Types Of Registered Businesses In Nigeria

In Nigeria, business structures and their registration processes are guided by specific laws. It’s the Companies and Allied Matters Act (CAMA) that oversees establishment procedures as well as the management of various kinds of corporate functions.

Let’s not forget to acknowledge an indispensable regulatory body. The Corporate Affairs Commission (CAC), this organization is charged with a highly significant task of making sure businesses get formally registered across Nigeria.

Types of registered businesses

  1. Sole Proprietorship
  2. Partnership
  3. Limited Liability Company (LLC)
  4. Public Limited Company (PLC)
  5. Private Limited Company (Ltd)
  6. Incorporated Trustees
  7. Cooperative Societies

Sole Proprietorship

A sole proprietorship is one of the simplest forms of business structures in Nigeria. It is a business owned and operated by a single individual. In this setup, the owner is personally responsible for all aspects of the business, including its debts and liabilities. While it requires minimal formalities to start, it also lacks some of the advantages, such as limited liability, that other business structures offer.

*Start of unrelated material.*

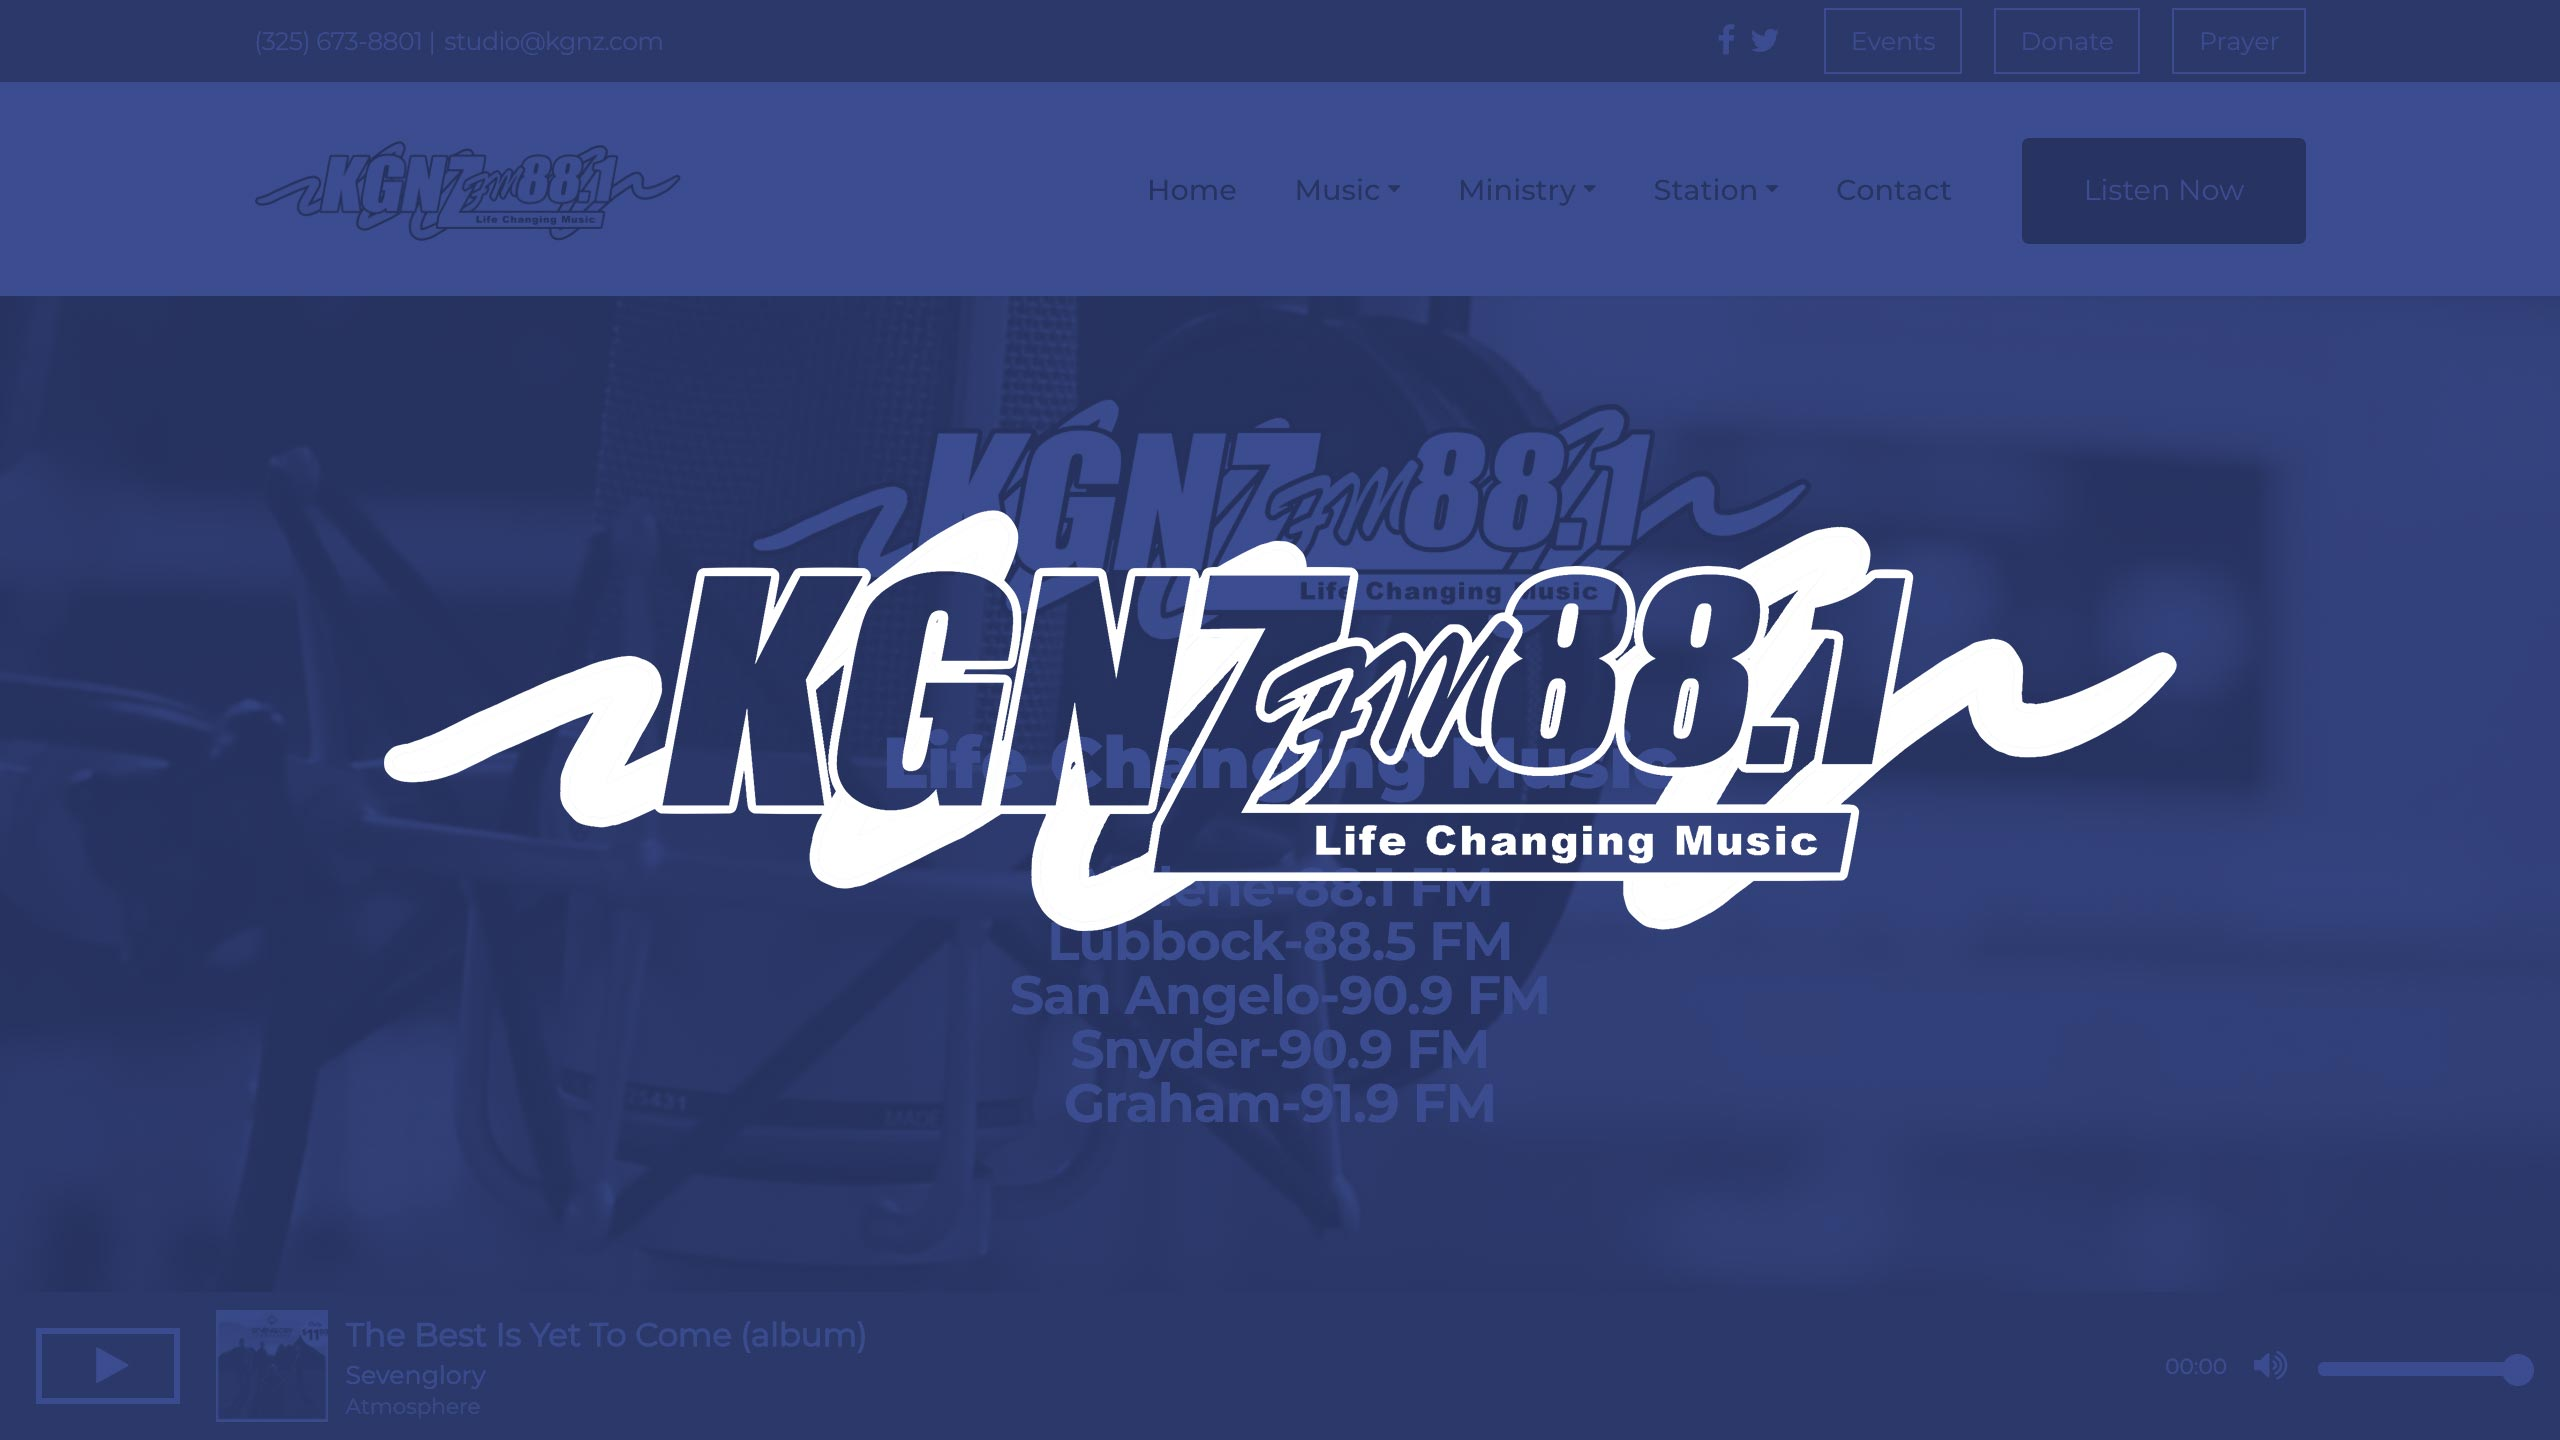 KGNZ Radio

A partnership is a business structure in which two or more individuals (partners) come together to manage and operate a business. Partnerships in Nigeria can be classified into two main types: general partnerships and limited partnerships.

In a general partnership, all partners share equal responsibility for the business’s management and financial obligations. Limited partnerships, on the other hand, involve both general partners who manage the business and limited partners who invest capital but have limited liability.

Limited Liability Company (LLC)

The Limited Liability Company (LLC) is one of the most popular business structures in Nigeria. It provides the owners (known as members) with limited liability protection, meaning their personal assets are generally not at risk in case of business debts or legal issues. To register an LLC in Nigeria, you need to have a minimum of two and a maximum of fifty members. It offers flexibility in terms of management and ownership structure.

Public Limited Company (PLC)

A Public Limited Company (PLC) is a type of business structure that allows for public investment and ownership. It is required to have a minimum of two shareholders and a maximum of any number of shareholders.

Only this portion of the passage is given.